My triceps were nowhere near strong enough yet, but between the exercises and wearing my arm splint every night, I felt like I wasn’t completely wasting my time. The splint was keeping my arm straight each night. I was able to straighten it a little more each week. Where I could tell the most difference was in my ability support my own body weight with my elbow. While in Mississippi, my therapists had asked me to try to rest on my elbows. Each time I tried, I had collapsed. Now I had enough strength in my triceps to brace myself and stay upright.

My success was not without setbacks. One night I was lying in bed, when I began to feel uncomfortable. I was lying on my right side when all of a sudden I had to roll over on my back. After a few seconds on my back, I decided that I would be better off on my stomach. I was having one of those bizarre nights when your bones feel too heavy for your flesh and always sink, causing you pain.

As I rolled over on the narrow bed, I tried to elevate my body so that I was spinning in place. This didn’t work. My feet got tangled in my sheets, and I ended up falling on the floor. It would have been disorienting enough had I merely fallen on my side of the room, but I fell through the curtain that was supposed to act as a partition between my roommate’s side and mine.

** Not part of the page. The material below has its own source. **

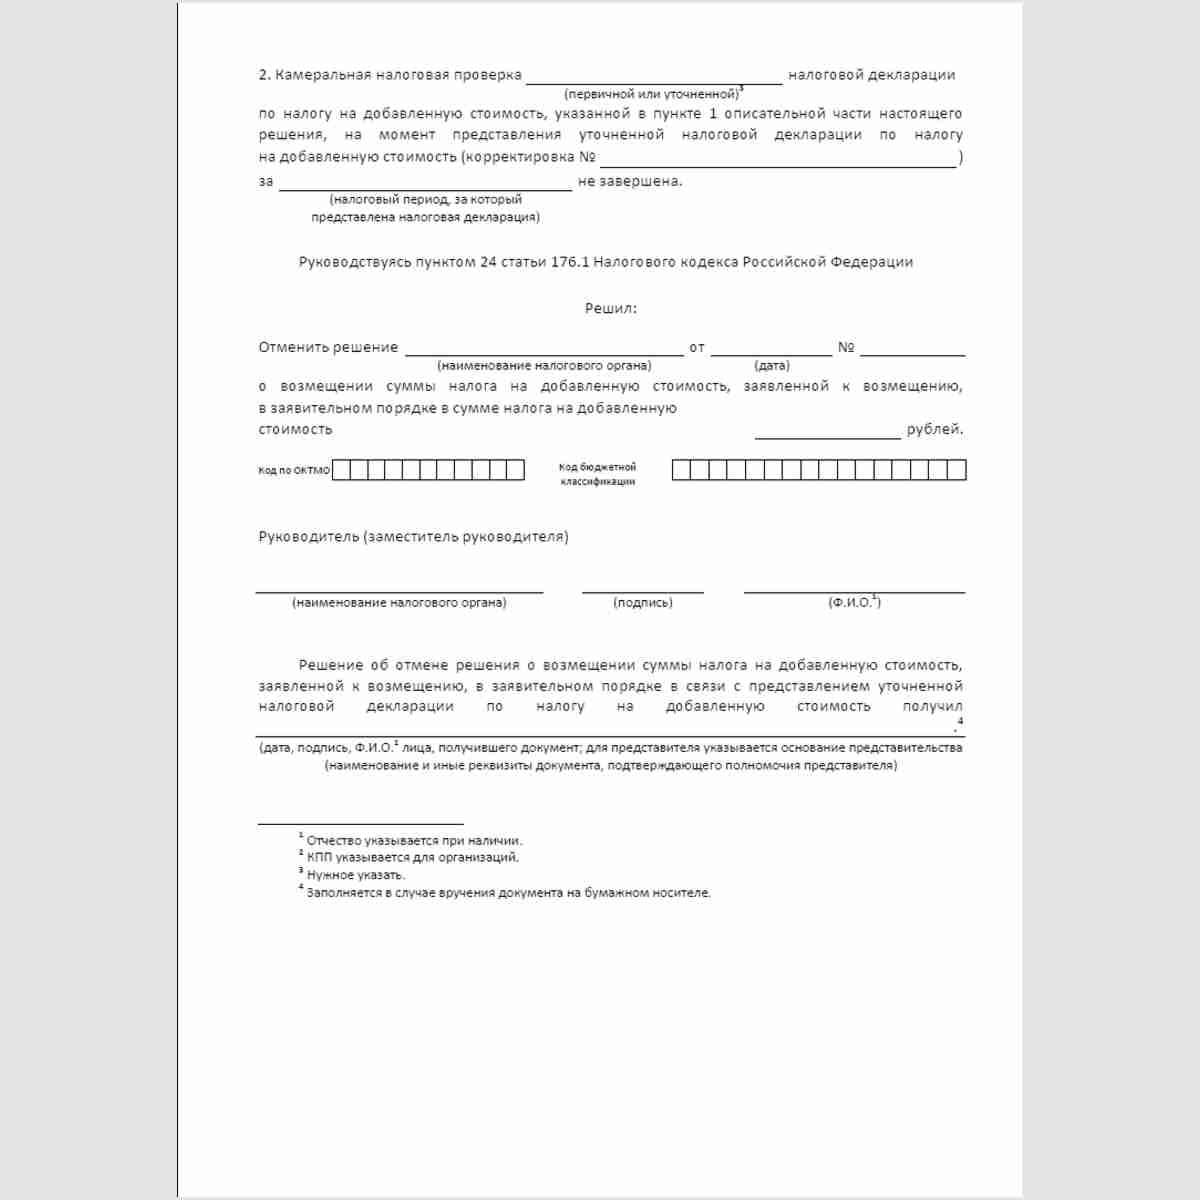 """Форма КНД 1165030 """"Решение об отмене решения о возмещении суммы налога на добавленную стоимость, заявленной к возмещению, в заявительном порядке в связи с представлением уточненной налоговой декларации по налогу на добавленную стоимость"""". Стр. 2"""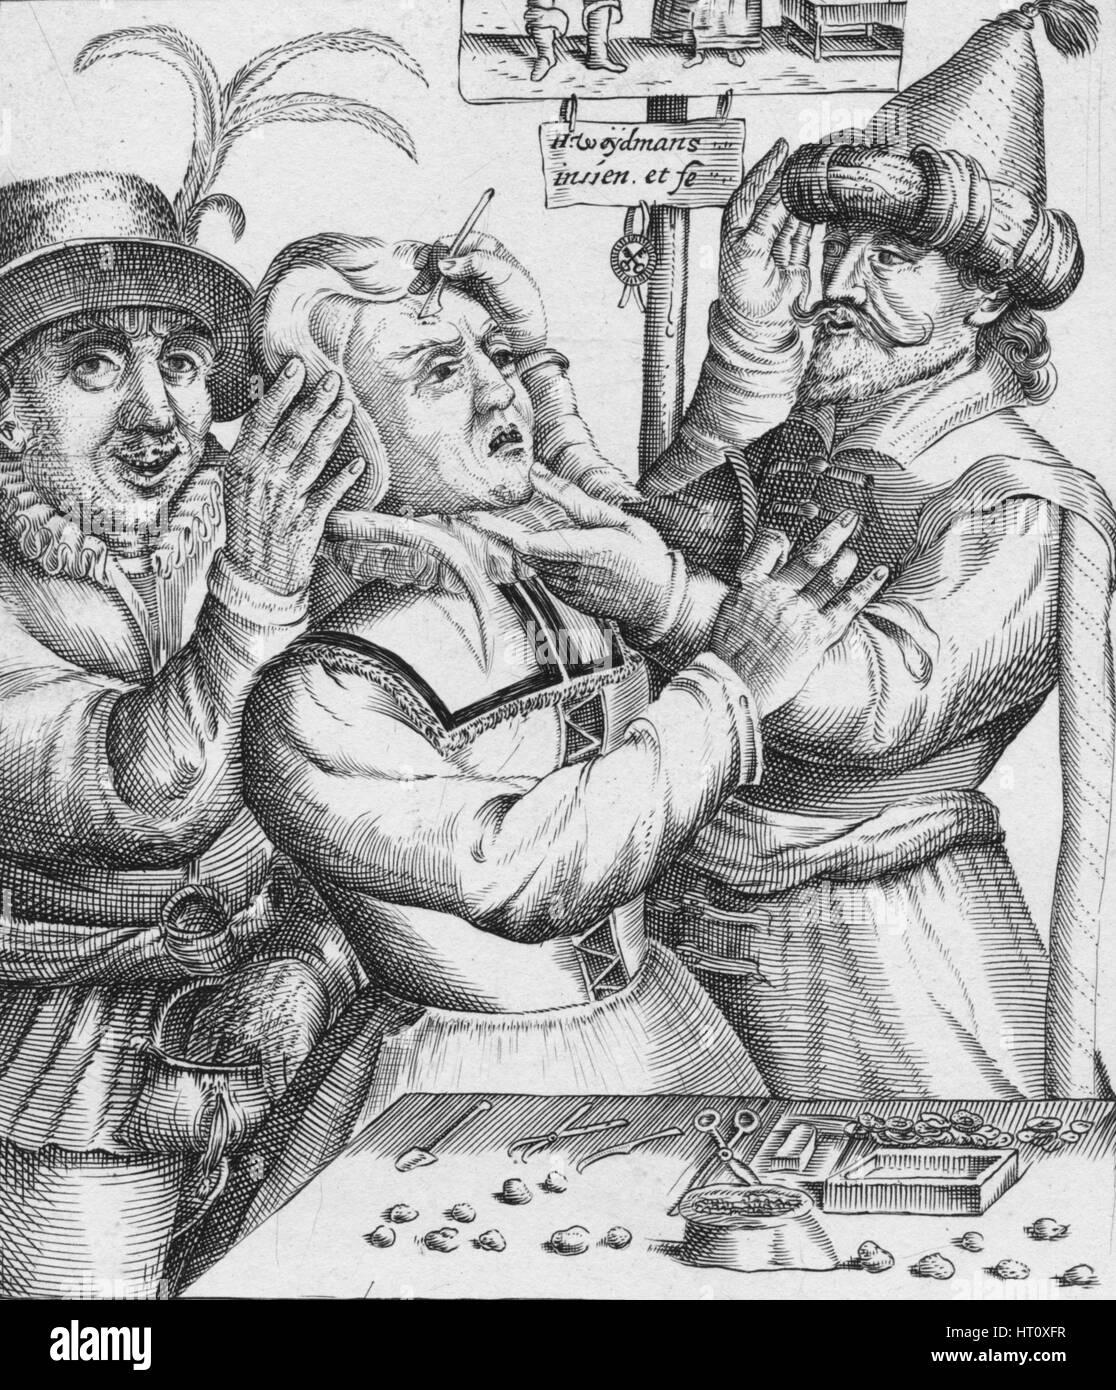 'Loopt Loopt Met Groot Verblyden,, Hier Salmen twyf van Lije Snyden', 17th century. Artist: HW Weydman. - Stock Image

I rolled around until I could get free of the curtain. As I did so, I heard several of his personal items hit the floor. While I writhed around trying to get up one one knee, I prayed I didn’t knock over anything sharp or wet. Finally I got my left foot planted on the floor. Next I got up on my right knee, placed my right arm on the bed, then pushed myself up to sit on the bed. After all of this activity, it didn’t matter what position I fell asleep in for the rest of the night.

A couple of days later, I went out for dinner. When my Metro Mobility ride arrived, the driver pulled the bus so far forward that he was beyond the pavement. Once he got out, I asked him to back up, so I wouldn’t have to walk through mud. He complied and got back in. I decided to help speed up the process by sidling to my left. That way I would already be in position when he opened the door.

I must not have picked my left foot high enough, because I tripped and fell sideways. It felt like I was falling in slow motion, but I fell to my left, so I couldn’t brace my arm to break my fall. My elbow hit the pavement with a heavy thud. I stepped quickly onto the bus so the medical staff couldn’t be alerted to come out and prevent me from leaving.

Inside the bus, while the driver sterilized and bandaged the wound, I had time to replay what had happened in my mind. I should have just waited behind the rail. I should’ve picked up my left foot higher. I should’ve held the railing as I stepped sideways. There was one thing that was obvious about both recent falls: I still needed to concentrate on the mechanics of what I was doing. My body was getting stronger every week, but I still had to be mindful of the ways in which it was compromised. I had come a long, long way, but the journey continued.